А кого бы мне послать повыехать
Да во тую ли во землю да во дальнюю?
Иногда Владимир сам отправляется к кому-нибудь из богатырей, чтобы попросить у него помощи в защите Киева. Илью Муромца он умоляет защитить Киев от Калина, Василия Игнатьевича – от Батыги и т. д.
Кульминация
Основную сюжетную линию в былине составляет цепочка событий, связанных с выполнением богатырём полученной задачи. Эта цепочка начинается с его тщательной подготовки к поездке. Он одевает свои богатырские доспехи, берёт весь комплект своего вооружения, снаряжает своего коня добротной сбруей. По дороге к месту назначения он успешно преодолевает возникшие препятствия. Наконец он оказывается лицом к лицу со своими врагами.

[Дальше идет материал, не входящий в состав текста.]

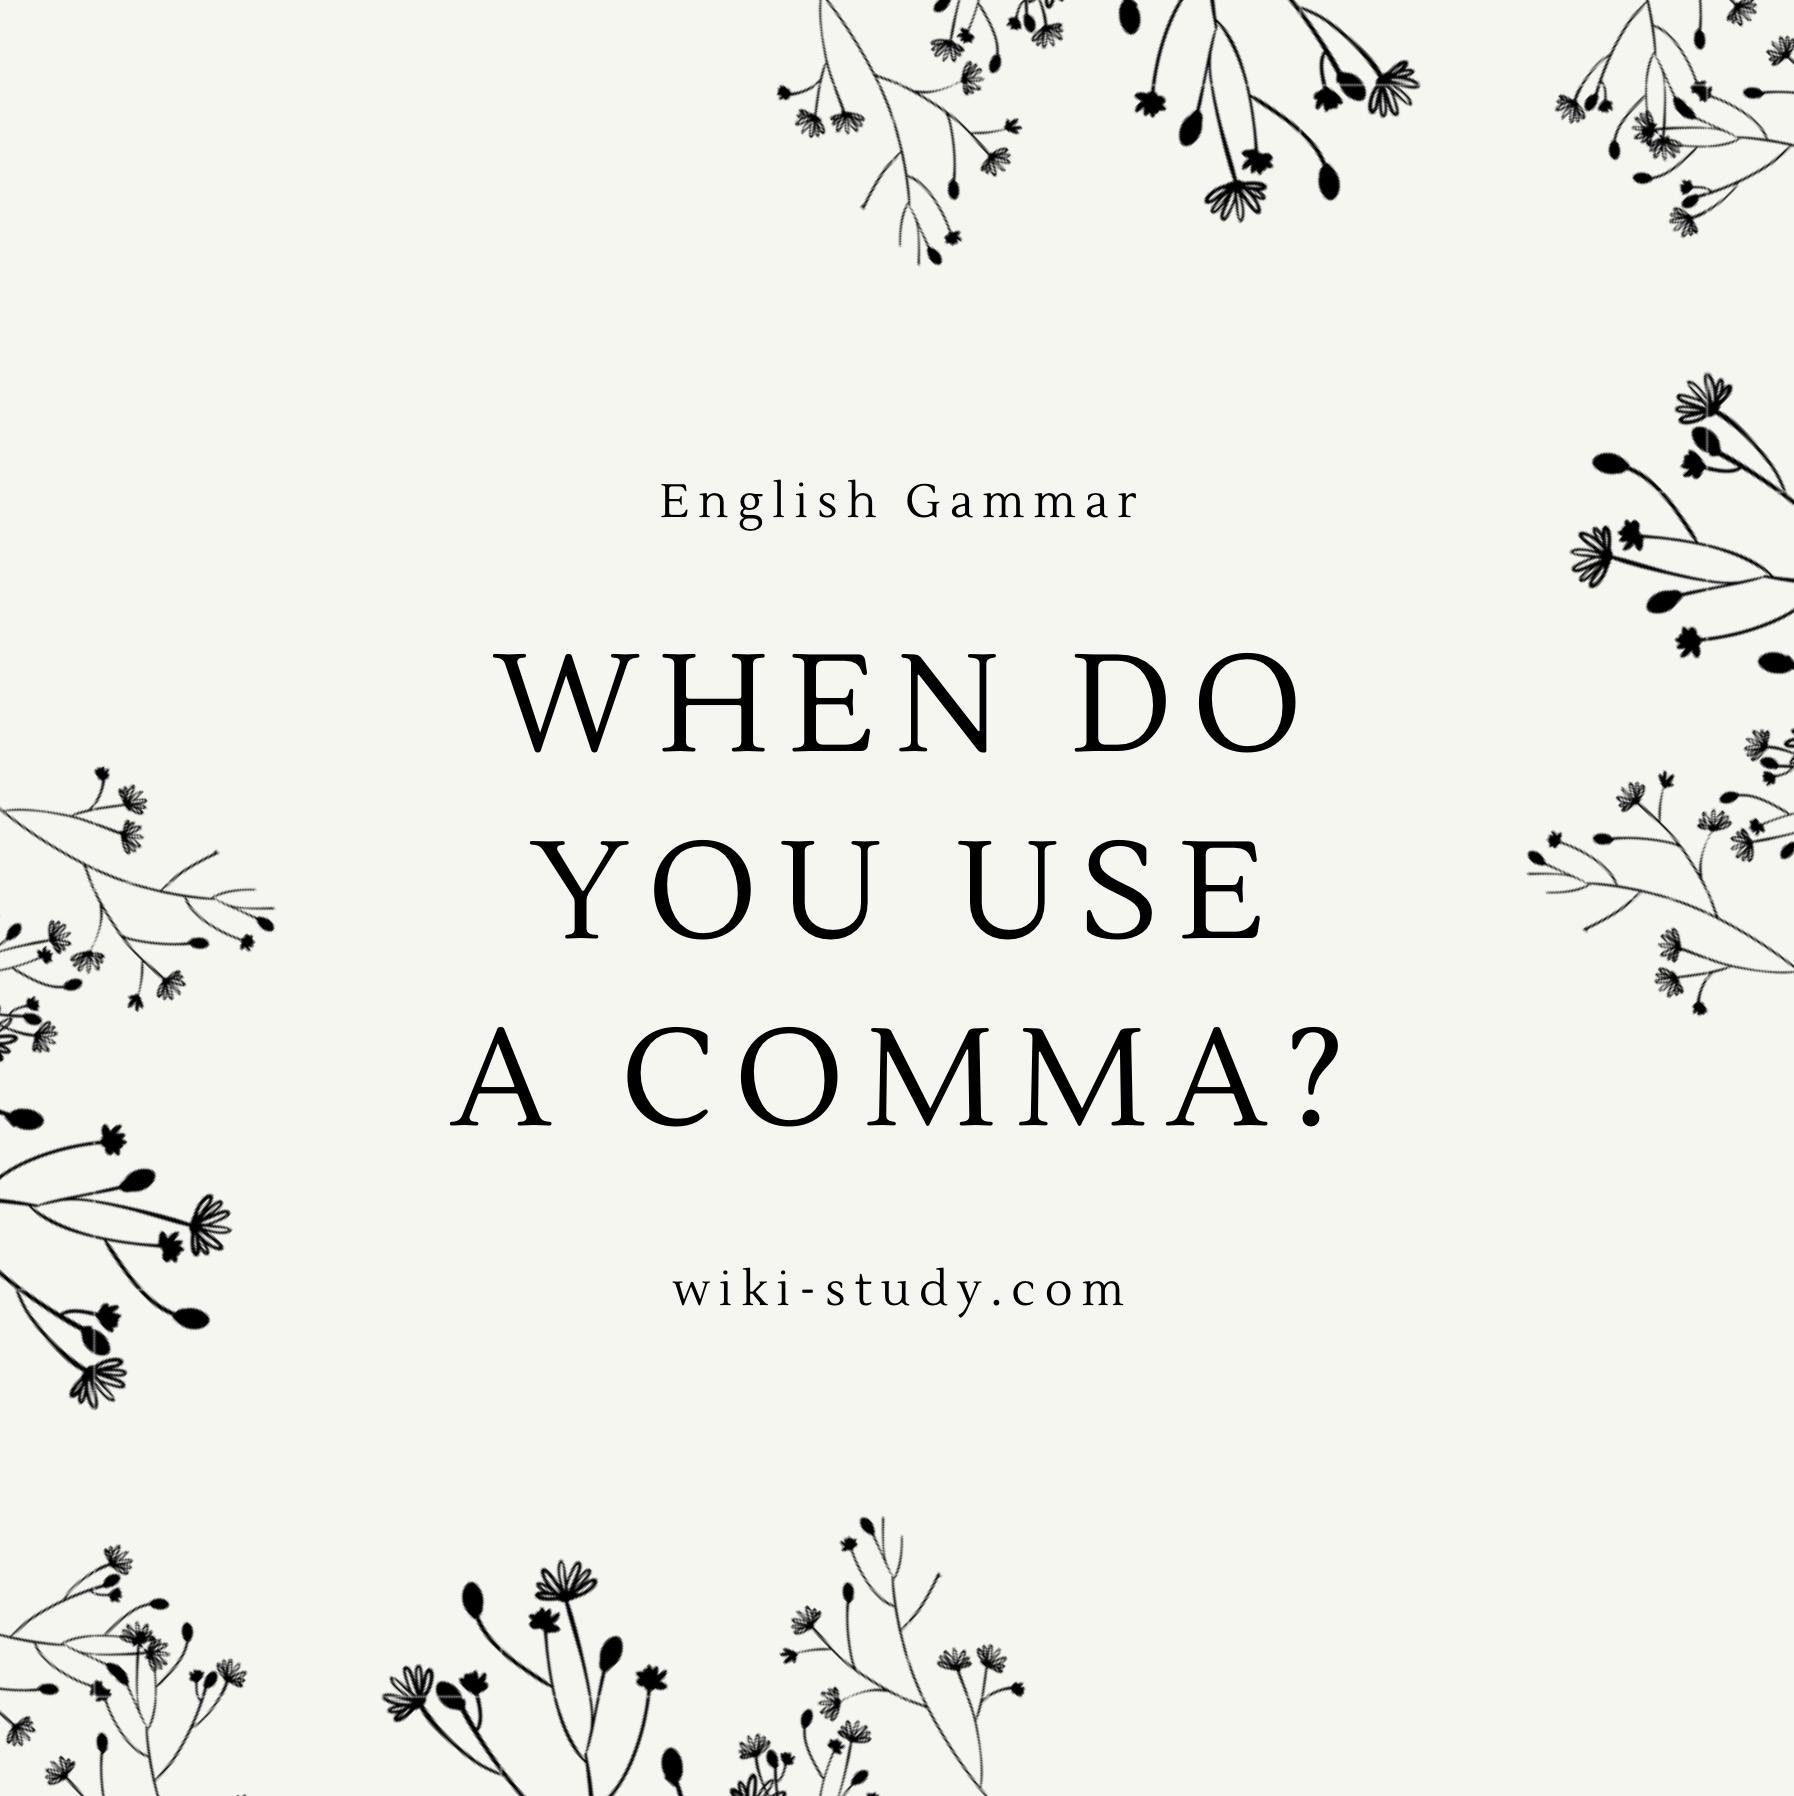 When do you use a comma?

Кульминацию былинного сюжета обычно составляет событие, в котором противостояние между богатырём и его противниками достигает своего апогея. Былинная кульминация чаще всего выглядит как бой богатыря с чудовищами или татарами. Богатырская сила в таком бое явно гиперболизируется. Вот как разделывается Илья Муромец с татарами в былине «Илья Муромец и Калин-царь»:
Он как взял этой шалыгой помахивать,
Да и по татарам пощалкивать,
Да куда ли махнёт – улица падёт,
А назад отмахнёт – переулици,
Да исприбил он всех до единого.
Шалыга – это боевой посох. Вот каким он был у Ильи:
Брал он в руки шалыгу железную,
Да железну шалыгу дорожную,
Да котора была весу ровно сто пудов.
Яркий пример былинной гиперболизации, которую следует расценивать как одну из форм фееризации (очудовления), мы находим в былине «Микула и Вольга». Князь Вольга Святославгович в ней со своей дружиной едет собирать дань. По дороге он встречает оратая (пахаря) Микулу Селяниновича и просит у него помощи. Микула соглашается. Но он забыл выдернуть на пашне свою соху из земли. Просит это сделать дружинников. Вольга отправляет пять молодцев.
Пять молодцев могучиих,
Приехали к сошке кленовые;
Они сошку за обжи вокруг вертят,
А не могут сошки с земельки повыдернуть.
Отправляет Вольга к сошке десять дружинников. Та же картина! Не могут и они выдернуть микулину соху из земли. Вольге ничего не остаётся, как отправить к сохе всю свою дружину. Но и она не смогла справиться с сохой Микулы. Пришлось её хозяину самому возвращаться на пашню.
Подъехал оратай-оратаюшко
На своей кобылке соловенькой
Ко этой ко сошке кленовой:
Брал-то он сошку одной рукой,
Сошку с земельки повыдернул.
Развязка и концовка
Сражение богатыря с врагами заканчивается его победой. Наступает развязка. Богатырь благополучно возвращается в Киев. В честь его победы Владимир устраивает новый пир.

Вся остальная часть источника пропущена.